EXERCISE PROMPT: Copy the entries exactly. Leave nothing out and add nothing.

EXCERPTED DATA:
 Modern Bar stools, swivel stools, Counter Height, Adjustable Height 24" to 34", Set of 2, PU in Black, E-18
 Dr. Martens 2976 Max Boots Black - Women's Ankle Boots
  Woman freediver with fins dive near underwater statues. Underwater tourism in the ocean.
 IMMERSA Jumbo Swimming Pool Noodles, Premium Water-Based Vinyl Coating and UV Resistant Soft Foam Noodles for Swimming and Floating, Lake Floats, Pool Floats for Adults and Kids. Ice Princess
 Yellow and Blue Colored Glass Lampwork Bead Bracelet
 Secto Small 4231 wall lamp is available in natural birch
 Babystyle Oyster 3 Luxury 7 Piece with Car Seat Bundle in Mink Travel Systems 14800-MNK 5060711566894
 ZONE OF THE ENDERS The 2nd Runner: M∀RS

RESPONSE TO THIS EXERCISE:
 Modern Bar stools, swivel stools, Counter Height, Adjustable Height 24" to 34", Set of 2, PU in Black, E-18
 Dr. Martens 2976 Max Boots Black - Women's Ankle Boots
  Woman freediver with fins dive near underwater statues. Underwater tourism in the ocean.
 IMMERSA Jumbo Swimming Pool Noodles, Premium Water-Based Vinyl Coating and UV Resistant Soft Foam Noodles for Swimming and Floating, Lake Floats, Pool Floats for Adults and Kids. Ice Princess
 Yellow and Blue Colored Glass Lampwork Bead Bracelet
 Secto Small 4231 wall lamp is available in natural birch
 Babystyle Oyster 3 Luxury 7 Piece with Car Seat Bundle in Mink Travel Systems 14800-MNK 5060711566894
 ZONE OF THE ENDERS The 2nd Runner: M∀RS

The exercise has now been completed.